Hopefully your guy now doesn't have dropsy. Does he look bloated or have a distended belly? Is he "pineconing" like your other fish did? A picture of your current fish would be really helpful. 

You don't have a petsmart or petco nearby? If not, you could even use household storage containers as an inexpensive solution until you can afford a nice tank.
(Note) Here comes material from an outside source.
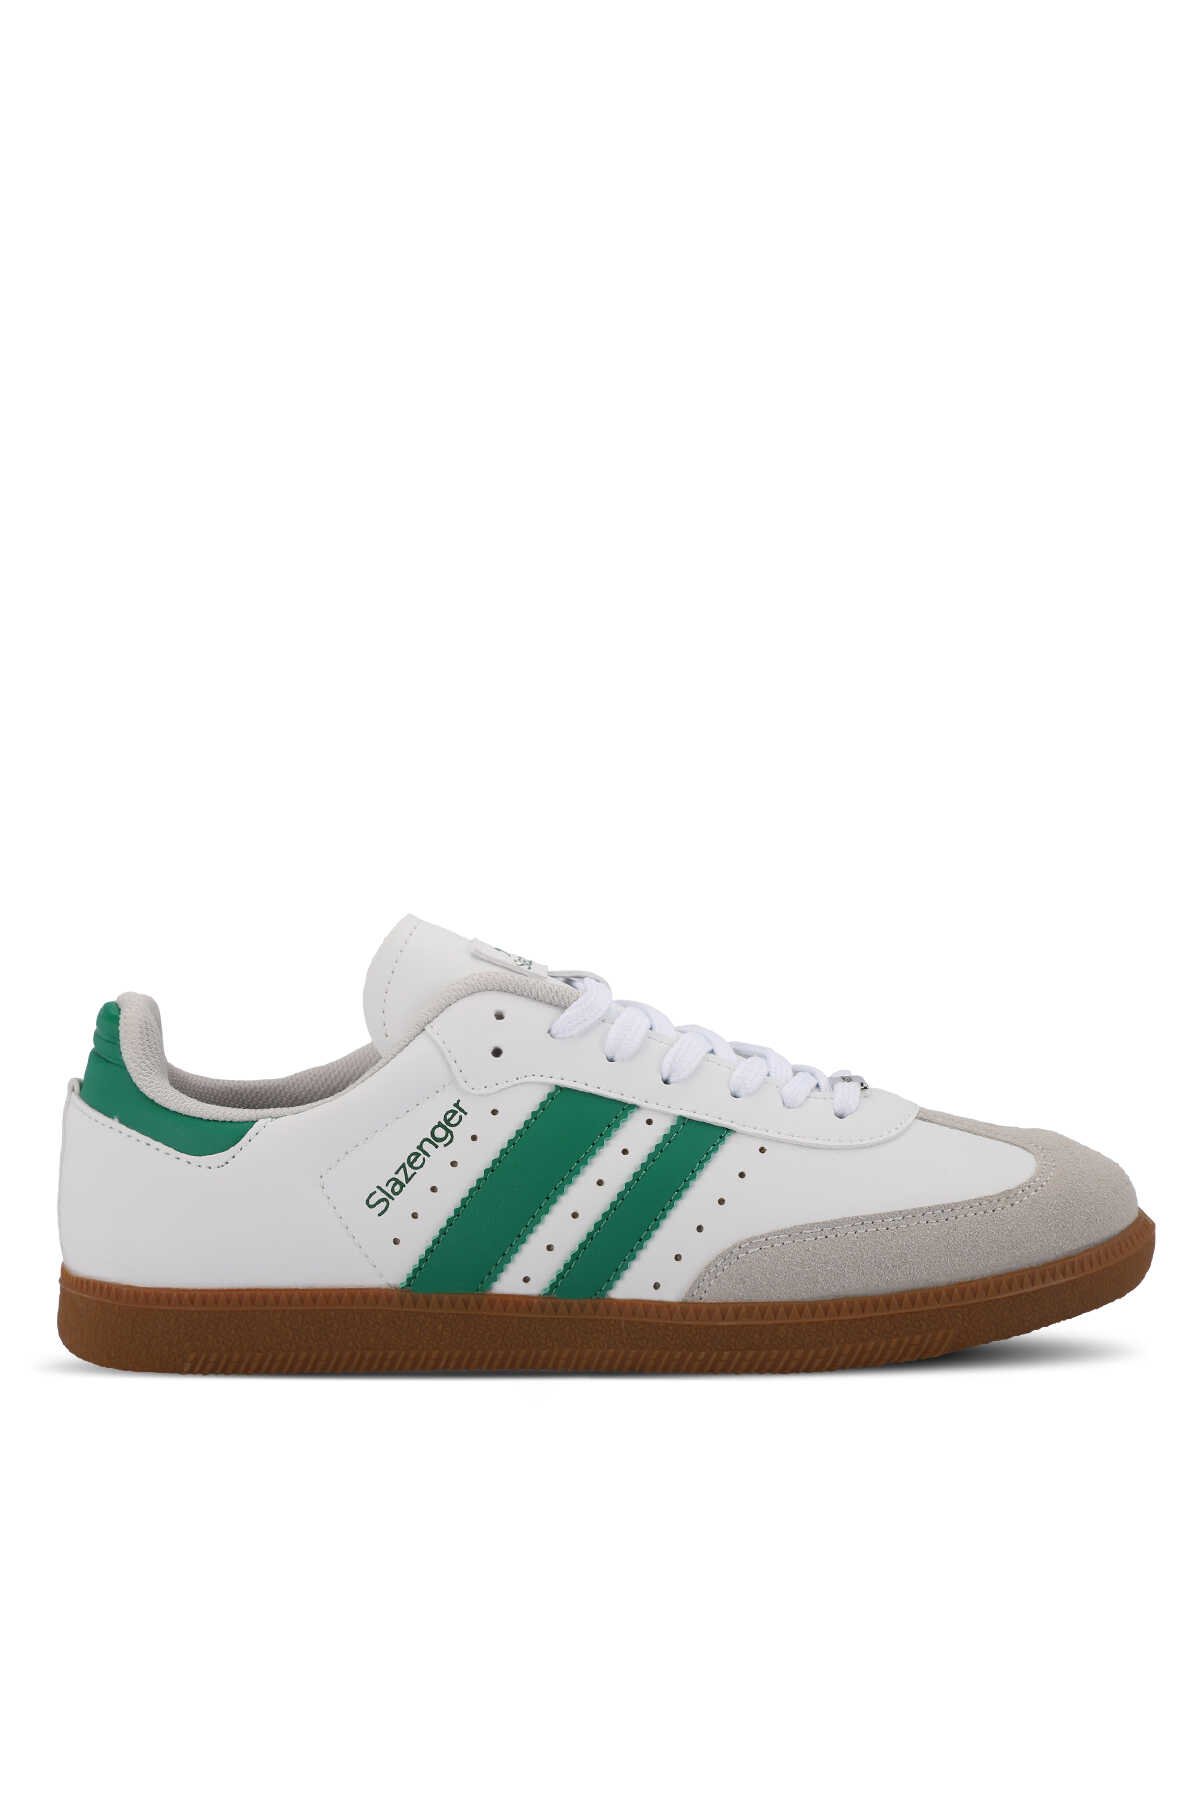 Slazenger - Slazenger PING Erkek Sneaker Ayakkabı Beyaz / Yeşil

Someone on the forum had a bad experience with chemicals leeching from a cheap knockoff brand, but Rubbermaid containers are perfectly fine, and they come in a very wide variety of sizes.


----------



## peachesxo (Jan 20, 2011)

Wow wow wow wow fast him for a few days, do a 100% water change right now (make sure the temps are the same!) and cut him down to 6 pellets a day, 3 in the morning, 3 at night, (i feed my betta 4 pellets a day and sometimes switch one or two up for flakes or bloodworms every now and again) 14 a day is a death sentence.


----------



## BettaHeart (Jan 2, 2011)

How is your fishy doing so far?


----------



## skywillig (Feb 26, 2011)

Hello. No, my fish doesn't look like the dead one. His size is okay, he is just very inactive.
I have changed his water 100% a couple of hours ago.

We don't have any of those stores or brands you mentioned, I'm in Brazil, don't forget that. I do have some storage boxes I can keep him in if you think that's better than the current aquarium, they're made of plastic.
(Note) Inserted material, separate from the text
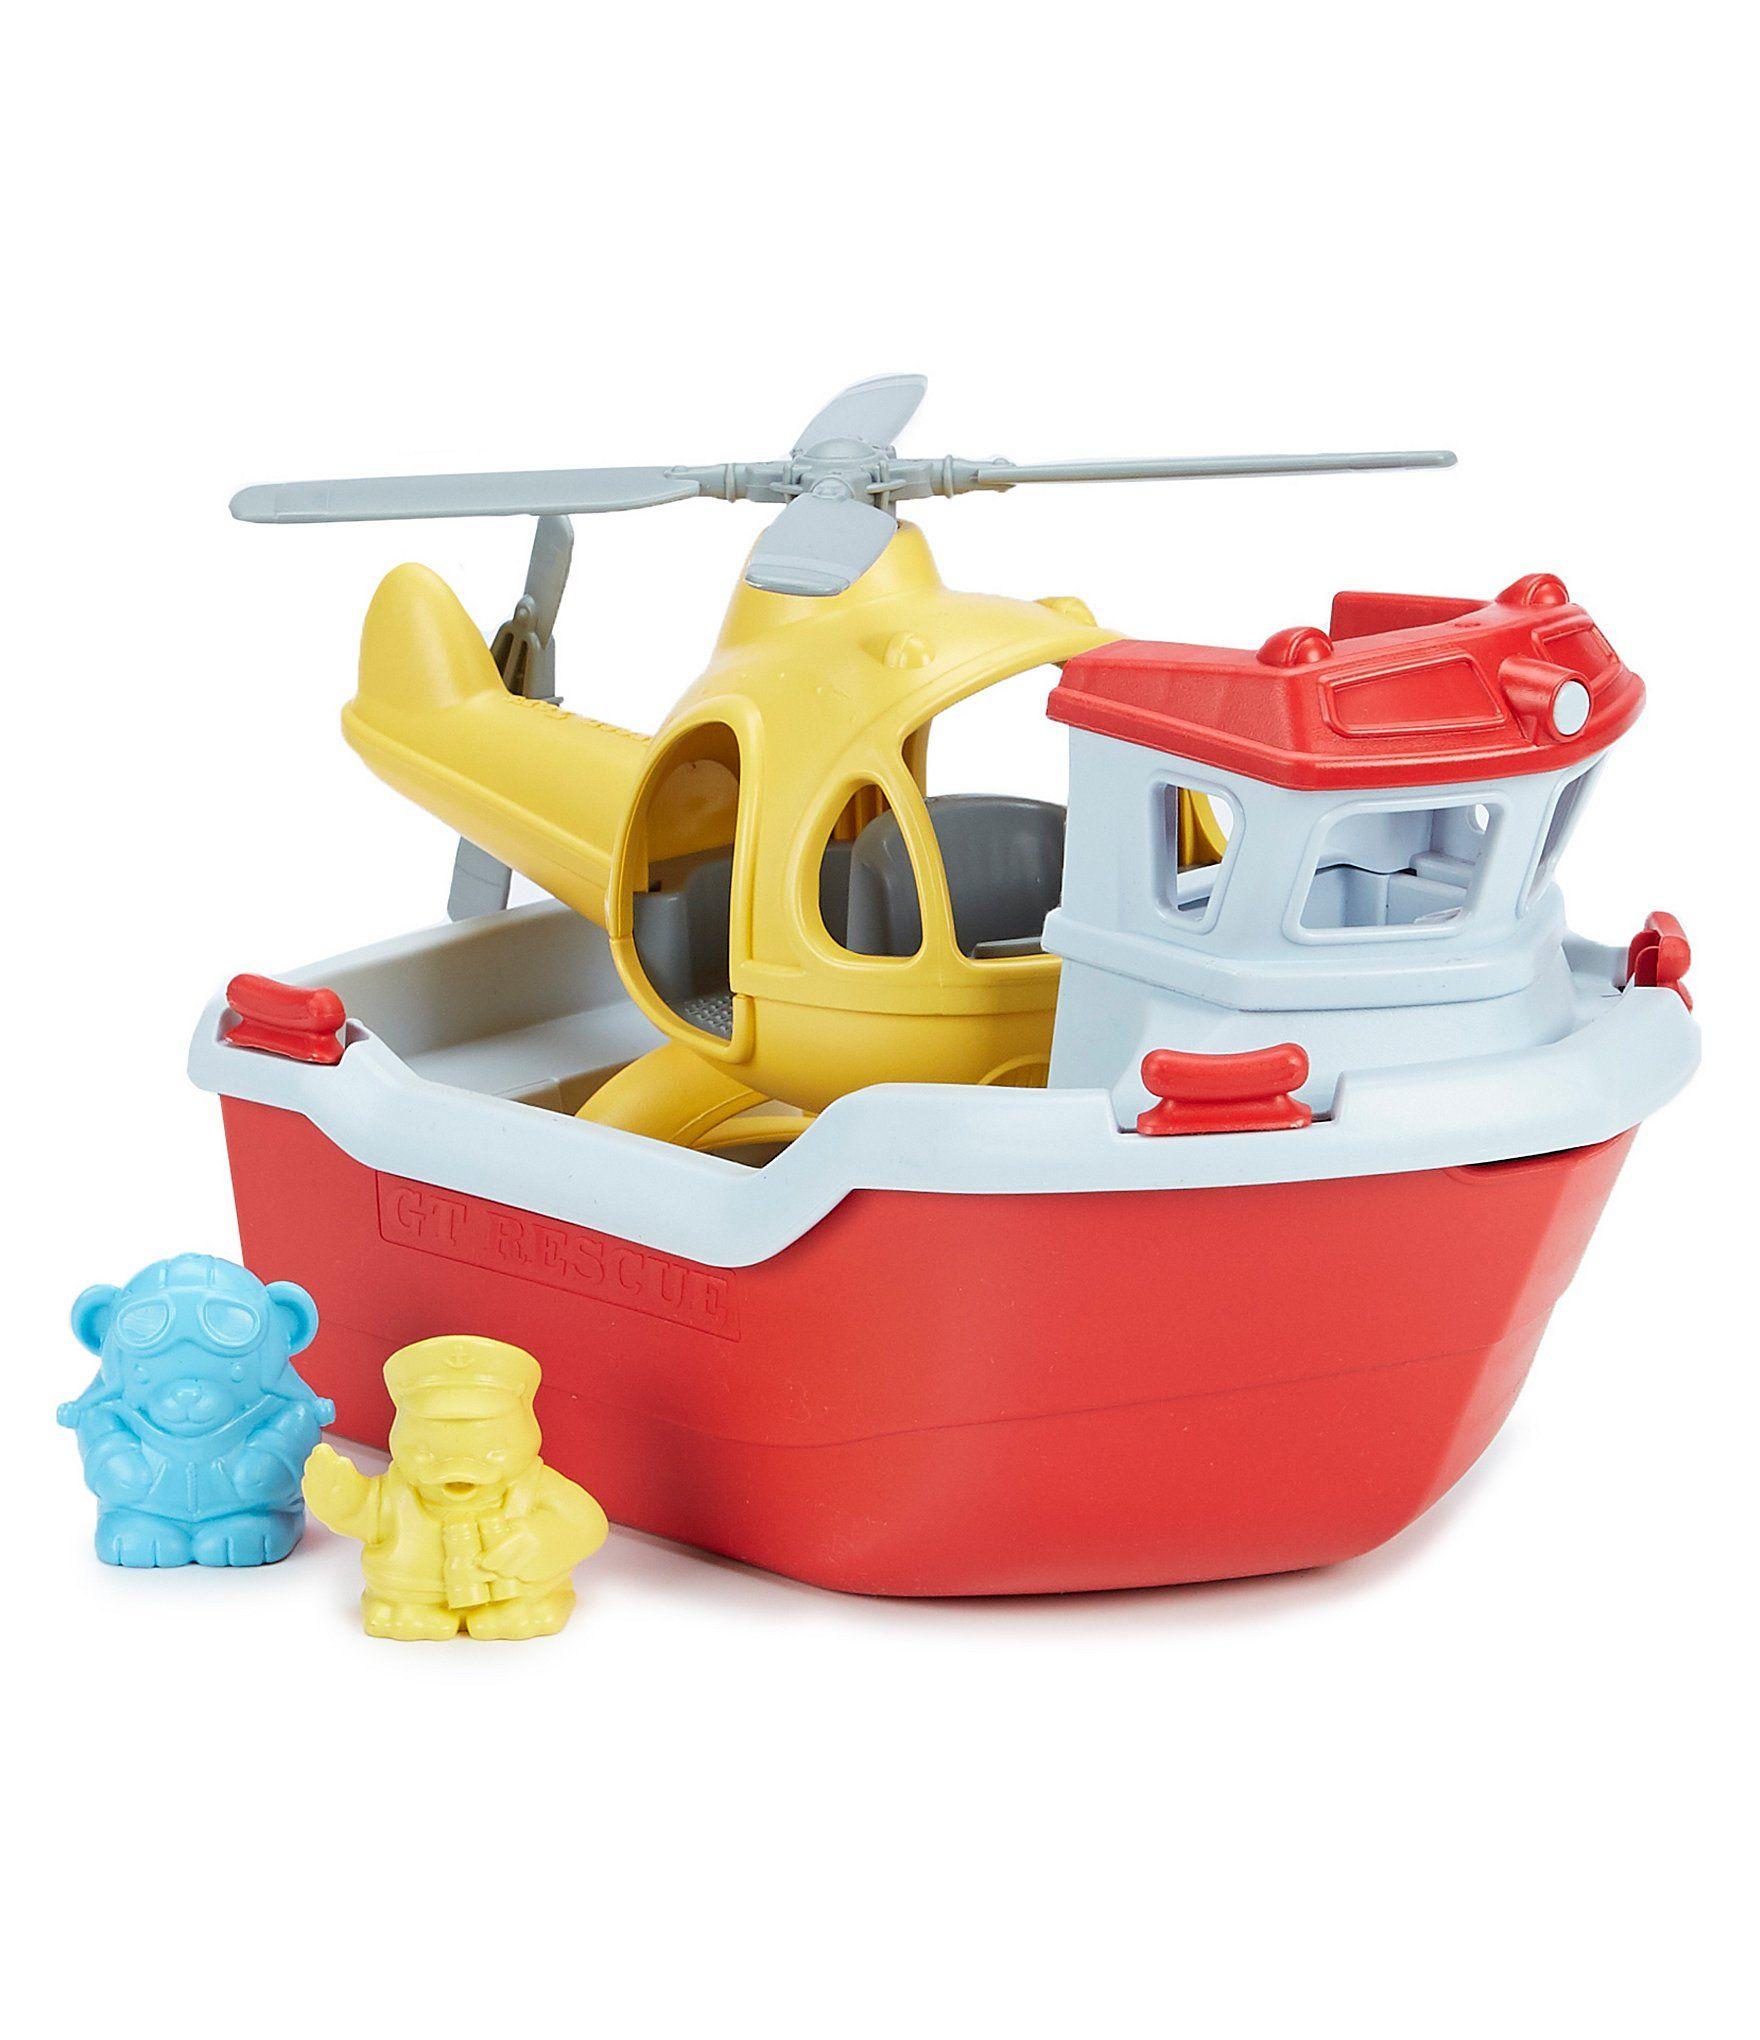 Rettungsboot mit Hubschrauber Rescue Boat and Helicopter von GreenToys 66094B

About my friend, he has been breeding Betta for 6 years now, I think. He's a biology student. But okay I'll stop listening. XD

I'll go take a picture now, if that helps.


----------



## skywillig (Feb 26, 2011)

This is a picture with my camera's flash:









This is a picture with no flash and my cellphone light shinning on top:


----------



## turtle10 (Dec 30, 2010)

That is most definitely too tiny for a fish.

Breeders sometimes jar fry in small containers like that, but that is only until they are sold. 3 liters, much less 2, is way to small for any living creature to live in.


----------



## BettaHeart (Jan 2, 2011)

hes pretty... you just did a water change so maybe relax alittle and keep an eye on him what is the temperature usually in your place?


----------



## BettaHeart (Jan 2, 2011)

how much did you feed him? maybe dont feed him for the rest of the day and part of tomorrow....


----------



## c4talys7 (Sep 7, 2010)

If it helps any, some fish stores have critter keepers. They look like this:









They sell them for pretty cheap at a fish store near me, like a 5 gal for $15 I think? There's usually some heaters you can get for them too. I noticed that there's no place for him to hide in the tank you have now, I would try and get a silk plant if not a live one to help comfort him.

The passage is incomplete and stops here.